Когда на табло высвечивается "18", лифт как-то неуверенно вздрагивает и под моими ногами пропадает пол. Нет - он не исчез вовсе и не провалился, а всё также темнеет внизу, однако мои ноги самым удивительным образом оказываются в воздухе. Квадратный светильник на потолке тюкает меня по макушке. И лишь тогда до меня доходит, что лифт падает. Но вместо того чтобы заорать, запаниковать, я неожиданно для самого себя успокаиваюсь. Ведь именно так и должно было случиться, именно об этом предупреждал меня бородатый незнакомец.
Знакомая щекочущая пустота, возникшая в животе, быстро заполняет меня целиком. В кабине становится темно, а в дверной щели с какими-то всхлипами мелькают полоски света с этажей, что проносятся мимо. Я же, будто ничего особенного не происходит, слежу за собственным невесомым состоянием, за вспышками в темноте. Время для меня растягивается - за мгновение я успеваю заметить и рассмотреть множество деталей - даже тех, которых не должно быть вовсе. То мне кажется, что лифт летит вверх, то - что стены кабины шевелятся от моих прикосновений. В общем, я неплохо провожу время, но вскоре в дверной щели вспыхивают искры, со всех сторон слышится скрежет. Под тяжестью собственного тела я падаю на колени и валюсь на бок. Придавленный к полу, чувствую сильный удар, но грохает словно откуда-то издалека. Лифтовую кабину подбрасывает, и она приглушённо, опять же, будто в паре километров от меня, трещит. Потом снова обрушивается вниз.
А я продолжаю пребывать в безмятежно-расслабленном состоянии. Меня, как тюфяк, швыряет по кабине, а потом прибивает к одной из стенок. Когда всё стихает, я так и остаюсь там лежать. Мне совсем не больно, я вообще ничего не ощущаю - одно только невыносимо уютное чувство: как здорово лежать здесь и смотреть в темноту. А там, в гостинице, все беспокоятся и суетятся. Потом вытащат меня отсюда и удивятся, что я жив и здоров... Думаю я об этом, думаю и засыпаю.

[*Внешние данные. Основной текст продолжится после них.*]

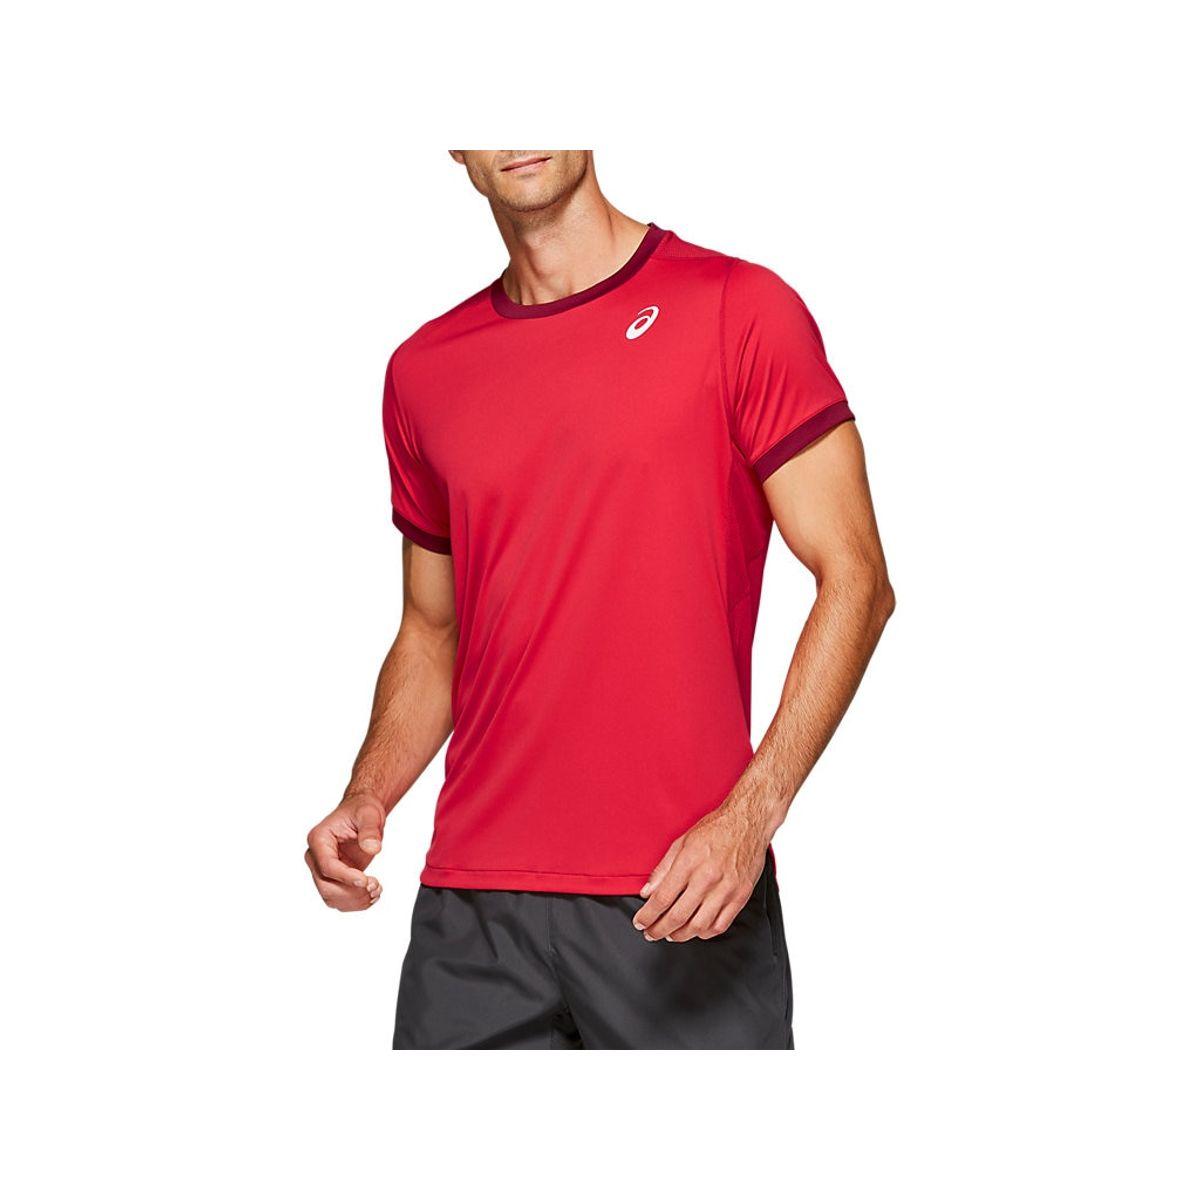 Camiseta-Asics-Short-Sleeve---Masculino---Vermelho

Просыпаюсь от того, что кто-то, пахнущий крепким табаком и машинным маслом, больно прихватывает меня подмышки и куда-то волочёт. В глаза ударяет яркий свет. Я брыкаюсь, вырываюсь из крепких объятий. Когда понимаю, что хватка ослабела, а сам я оказываюсь на четвереньках, немедленно срываюсь и куда-то бегу. Вокруг меня - множество людей, и я лавирую между ними. Потом резко останавливаюсь рядом с мальчишкой моего возраста. Все вокруг крутят головами и гудят, тревожно переговариваясь.
А я снова поражаюсь себе, своей находчивости - ведь некоторые зеваки побежали наружу, чтобы меня искать. Мне же просто не хочется расстраивать мать - она ведь будет волноваться, если узнает, в какой переплёт попал её сын. Поэтому я стою в толпе и слушаю про то, что это - безобразие, когда не следят за лифтами, и они падают. Что современные лифты со всеми их приспособлениями вообще не должны падать. И чудо, что мальчишка уцелел - кабина-то вон как треснула и почти развалилась...
***
Про своё падение я потом много раз рассказывал во дворе и в школе. Когда рассказал всем, кому только мог, стал его забывать. И снова вспомнил - во всех красках и подробностях - намного позже, в пятнадцать лет. Как раз в то время меня стало навязчиво одолевать предчувствие чего-то невыразимо прекрасного, даже волшебного - стандартная такая сублимация подростковой гиперсексуальности. Это походило на частые дежа-вю - я вдруг замирал в каком-нибудь неподходящем месте, сердце моё начинало бешено колотиться, а всё вокруг кричало прямо в лицо: "Приготовься! Сейчас с тобой приключится чудо!" Но никакого чуда, понятное дело, не приключалось. Со временем и это восторженное ожидание, и мир, в котором ни черта интересного не происходило, начали вызывать у меня лишь желчный скепсис. Моё взросление могло закончиться самым обычным образом - усыханием всякой восторженности, - если бы случай с лифтом не выплыл из моей памяти, точно громадный парусник с горящими на солнце парусами.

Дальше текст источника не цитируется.